#### Source material ####

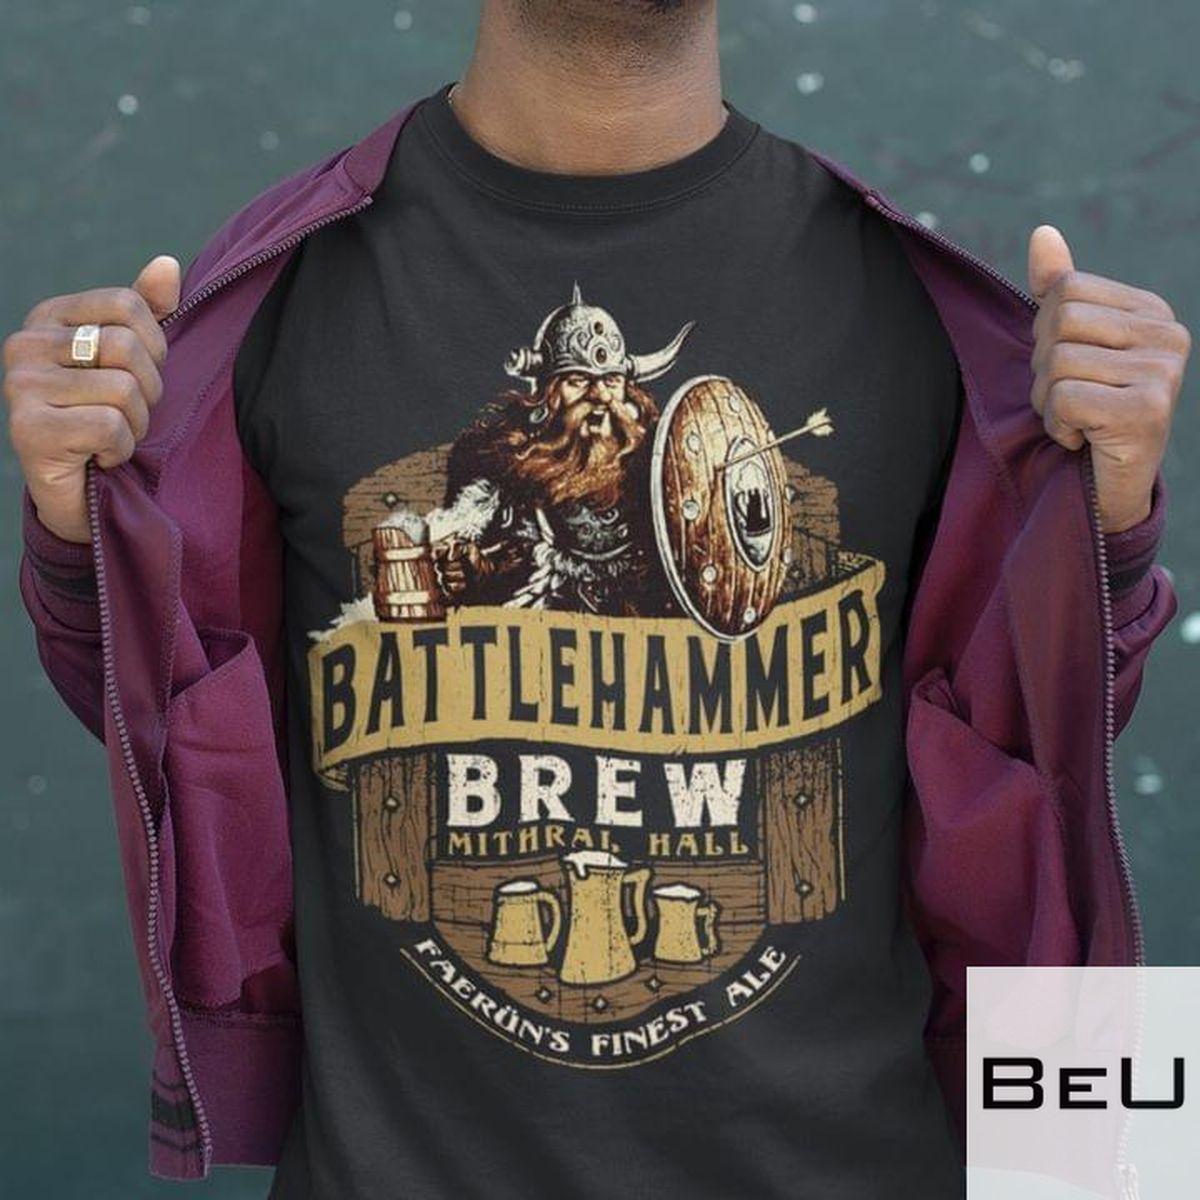 Battlehammer Brew Mithral Hall Faerun Finest Ale Shirtv
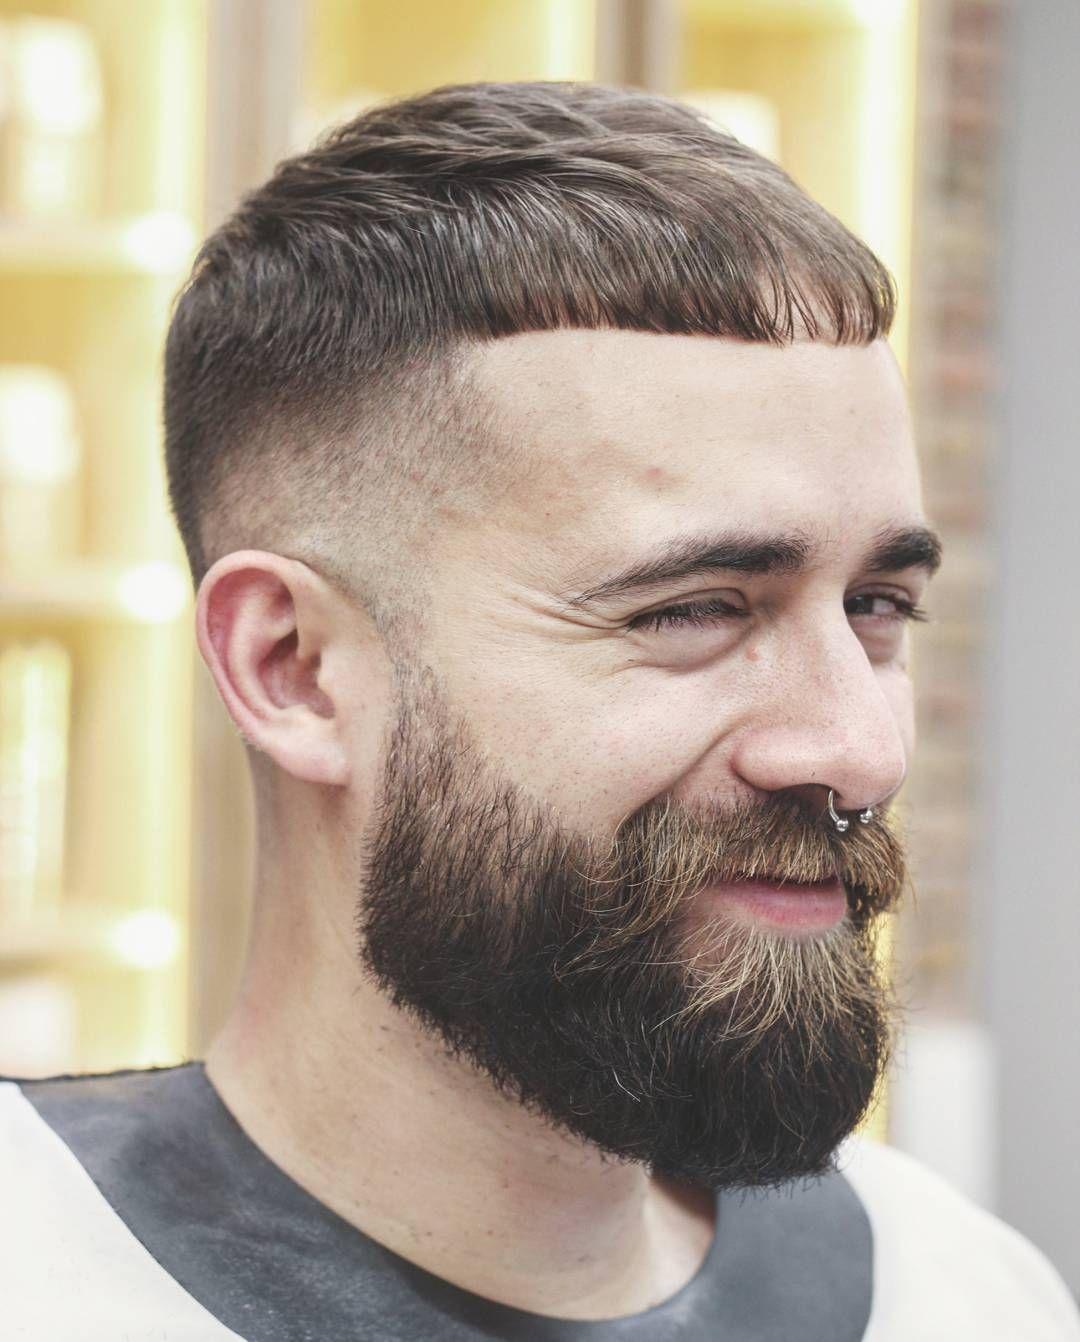 22 Stylish Haircuts For Men 2021 Trends Caesar Haircut Mens Hairstyles Short Haircuts For Men
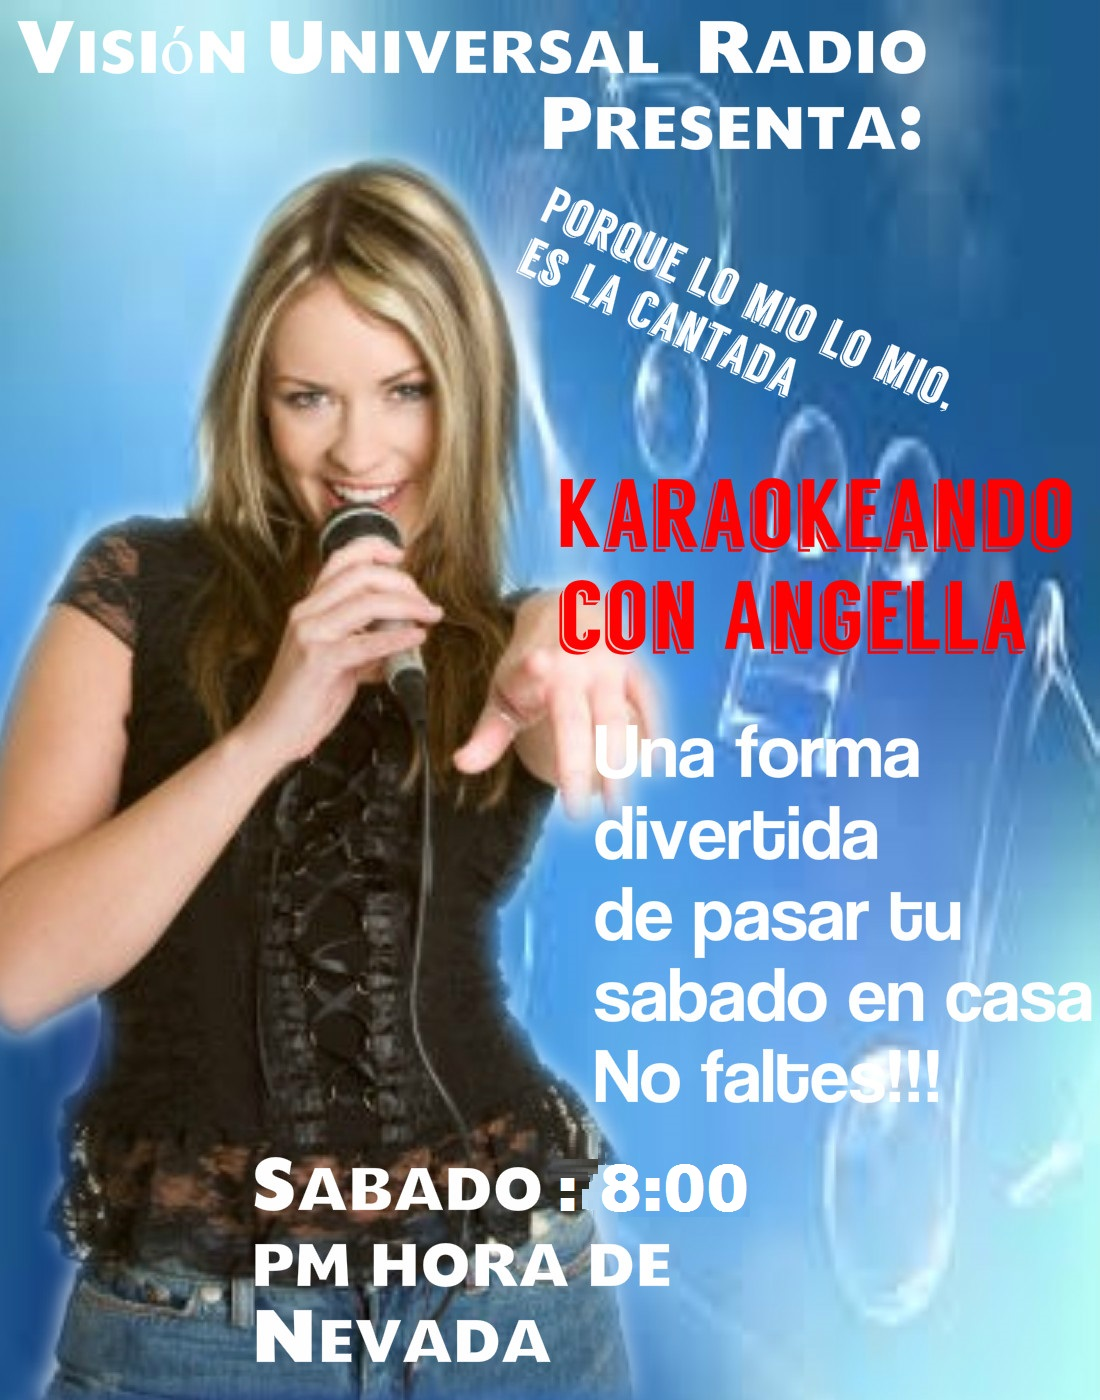 Karaokeando

####

Exercise objective =>
Restate word for word the lines starting at the one that contains "22 Stylish Haircuts" and ending at the last line of the data. Skip every picture.

Solved exercise =>
 22 Stylish Haircuts For Men 2021 Trends Caesar Haircut Mens Hairstyles Short Haircuts For Men
 Karaokeando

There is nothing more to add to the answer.